- Theatrical release poster
- Italian: Cuccioli - Il paese del vento
- Directed by: Sergio Manfio
- Screenplay by: Sergio Manfio Francesco Manfio Anna Manfio Davide Stefanato
- Production companies: Gruppo Alcuni LuxAnimation
- Distributed by: 01 Distribution
- Release date: 27 March 2014;
- Running time: 80 minutes
- Countries: Italy Luxembourg
- Language: Italian
- Box office: $356,152

= Pet Pals in Windland =

2014 animated film

Pet Pals in Windland (Cuccioli - Il paese del vento), also known as Eggy in the U.S. release, is a 2014 Italian-language animated children's film directed by Sergio Manfio from a screenplay by Sergio, Francesco Manfio, Anna Manfio and Davide Stefanato. Based on the Pet Pals animated television series, it is the second feature-length film based on the series after Pet Pals: Marco Polo's Code (2010). Pet Pals in Windland was produced by Gruppo Alcuni, and co-produced by the Luxembourgish LuxAnimation. It was released in Italian cinemas on 27 March 2014.

==Plot==

The Crow Witch plots to steal a Spinwheel that is the source of the wind of the town of Puff, which the Spinwheel also powers the town.

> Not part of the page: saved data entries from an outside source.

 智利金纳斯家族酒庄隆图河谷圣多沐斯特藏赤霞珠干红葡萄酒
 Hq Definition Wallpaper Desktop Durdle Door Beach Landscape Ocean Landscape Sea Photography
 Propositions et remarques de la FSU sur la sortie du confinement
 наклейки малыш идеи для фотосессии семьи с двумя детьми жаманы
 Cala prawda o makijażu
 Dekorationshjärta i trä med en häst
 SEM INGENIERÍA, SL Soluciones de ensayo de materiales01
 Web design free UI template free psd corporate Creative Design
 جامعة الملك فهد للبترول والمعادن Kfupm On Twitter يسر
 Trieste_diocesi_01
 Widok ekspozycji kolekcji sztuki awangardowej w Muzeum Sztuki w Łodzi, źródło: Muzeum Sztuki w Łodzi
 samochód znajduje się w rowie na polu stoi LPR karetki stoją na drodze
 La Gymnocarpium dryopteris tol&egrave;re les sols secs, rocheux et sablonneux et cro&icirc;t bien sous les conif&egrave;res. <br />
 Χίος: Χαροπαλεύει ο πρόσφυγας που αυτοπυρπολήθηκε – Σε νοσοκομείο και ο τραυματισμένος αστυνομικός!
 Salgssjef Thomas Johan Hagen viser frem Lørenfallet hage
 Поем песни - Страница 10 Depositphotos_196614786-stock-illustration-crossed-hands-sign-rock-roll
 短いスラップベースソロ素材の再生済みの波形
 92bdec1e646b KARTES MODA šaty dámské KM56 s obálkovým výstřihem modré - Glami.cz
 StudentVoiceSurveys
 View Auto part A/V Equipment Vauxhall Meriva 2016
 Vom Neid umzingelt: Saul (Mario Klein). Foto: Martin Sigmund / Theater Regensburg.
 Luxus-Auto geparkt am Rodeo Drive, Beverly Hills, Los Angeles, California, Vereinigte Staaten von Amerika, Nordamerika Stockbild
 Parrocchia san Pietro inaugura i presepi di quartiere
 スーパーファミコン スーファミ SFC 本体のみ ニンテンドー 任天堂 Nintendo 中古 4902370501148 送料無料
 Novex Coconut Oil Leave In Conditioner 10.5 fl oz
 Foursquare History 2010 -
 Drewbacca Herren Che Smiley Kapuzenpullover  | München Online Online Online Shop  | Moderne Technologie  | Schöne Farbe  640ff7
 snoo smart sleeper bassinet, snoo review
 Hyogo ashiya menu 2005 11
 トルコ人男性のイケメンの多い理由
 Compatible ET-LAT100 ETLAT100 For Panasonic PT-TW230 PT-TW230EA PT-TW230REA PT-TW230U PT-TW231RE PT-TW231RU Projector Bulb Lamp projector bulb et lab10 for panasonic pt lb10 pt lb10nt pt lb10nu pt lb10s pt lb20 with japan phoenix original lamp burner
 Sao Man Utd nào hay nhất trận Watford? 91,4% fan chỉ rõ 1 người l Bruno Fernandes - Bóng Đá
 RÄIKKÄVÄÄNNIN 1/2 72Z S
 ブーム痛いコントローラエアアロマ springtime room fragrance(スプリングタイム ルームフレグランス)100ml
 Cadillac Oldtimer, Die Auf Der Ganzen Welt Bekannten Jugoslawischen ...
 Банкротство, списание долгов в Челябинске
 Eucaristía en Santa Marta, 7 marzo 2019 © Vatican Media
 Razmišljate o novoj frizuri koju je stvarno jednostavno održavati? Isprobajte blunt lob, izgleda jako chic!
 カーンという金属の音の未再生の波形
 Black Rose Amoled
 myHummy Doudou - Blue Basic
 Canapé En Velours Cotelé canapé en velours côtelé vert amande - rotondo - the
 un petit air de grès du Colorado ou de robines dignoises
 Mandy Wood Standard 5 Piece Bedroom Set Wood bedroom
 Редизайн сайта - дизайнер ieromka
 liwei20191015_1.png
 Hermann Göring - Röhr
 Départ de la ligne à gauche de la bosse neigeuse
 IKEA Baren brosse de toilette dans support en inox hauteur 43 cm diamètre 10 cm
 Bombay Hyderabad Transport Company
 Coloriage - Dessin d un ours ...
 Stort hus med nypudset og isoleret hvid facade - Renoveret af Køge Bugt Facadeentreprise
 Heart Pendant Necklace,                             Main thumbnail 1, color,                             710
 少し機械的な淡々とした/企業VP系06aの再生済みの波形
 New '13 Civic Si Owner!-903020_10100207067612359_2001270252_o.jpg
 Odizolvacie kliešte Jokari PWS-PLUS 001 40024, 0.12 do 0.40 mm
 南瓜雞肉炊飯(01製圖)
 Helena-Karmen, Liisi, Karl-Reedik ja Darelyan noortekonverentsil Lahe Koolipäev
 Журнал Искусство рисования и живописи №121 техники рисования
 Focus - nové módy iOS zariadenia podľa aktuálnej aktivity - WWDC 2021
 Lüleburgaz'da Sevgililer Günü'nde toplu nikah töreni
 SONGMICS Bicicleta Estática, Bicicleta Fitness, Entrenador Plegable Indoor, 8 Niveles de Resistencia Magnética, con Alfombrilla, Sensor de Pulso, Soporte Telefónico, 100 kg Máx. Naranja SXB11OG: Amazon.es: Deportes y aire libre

Meanwhile, a turtle who keeps an eye on the Spinwheel shares to the Pet Pals about how he adopted Nameless, and because the latter was speechless, the former provided Nameless a placard containing a robot friend. That night, the Crow Witch sneaks into Nameless' placard room to steal his robot placard.

The next day, the Pet Pals learn of the stealing of the placard, and visit the wind keeper, where the pets explain that they discovered a feather in the scene. The wind keeper reveals to Nameless that the latter's egg rolled out of his mothers coop before hatching just before the crow witch abducted his mother and her children. The Crow Witch arrives, kidnaps the Wind Keeper, and steals the Spinwheel to power a giant robot that resembles Nameless. Without the Spinwheel, the town of Puff loses power. The Crow Witch then abducts Diva and Top Hat, one of the members of the Pet Pals.

Meanwhile, King Cyclone, the king of Puff, imprisons the Pet Pals mistaking the ownership of the Nameless robot. Nameless escapes there, and sneaks into the crow witch's cave, where he finds her launching machines to terrorize across Puff. He then sneaks abord the Nameless robot to confront her. The Pet Pals manage to escape from prison and enter the Nameless robot. They rescue the wind keeper, Diva, and Top Hat, eject the Crow Witch from the robot, and recover the Spinwheel, disabling her machines. The citizens then repair Puff to its normal slate. Meanwhile, the Crow Witch is arranging another plan back at her cave.

== Voice cast ==
=== Italian version ===
Original voice actors:
- Monica Ward as Olly (Holly)
- Laura Lenghi as Diva
- Paolo Lombardi as Portatile (Moby)
- Edoardo Nevola as Cilindro
- Gigi Rosa as Pio
- Paola Giannetti as Maga Cornacchia (the Crow Witch)
- Gerolamo Alchieri as Ambrogio (Ambrosio)
- Enrico Di Troia as Cuncun
- Franco Mannella as Canbaluc
- Stefano Mondini as Custode del Vento (Wind Keeper)
- Nanni Baldini as Re Ciclone and Coda (King Cyclone and Tail)

=== English dubbing ===
The following is the voice cast of the English dubbed version:
- Eileen McNamara as Crow Witch
- Angela Mulligan as Holly
- Anthony Salerno as Moby
- Christopher R. Burns as Pio
- Melissa Hope as Diva
- Bill Timoney as King Cyclone and Tail
- Michael Colasurdo as Top Hat
- Joe Rodriguez as Wind Keeper
- Bill Rogers as Cuncun
- Richard M. Davidson as Ambrosio
- Ken Spassione Jr. as Canbaluc
- Gary Martin as Kite

== Release ==
Pet Pals in Windland was released in Italian cinemas on 27 March 2014 by 01 Distribution. It had an opening weekend gross of $198,543, finishing with a worldwide box office gross of $356,152. It received positive reception for its ecological messages, such as the importance of renewable energy sources.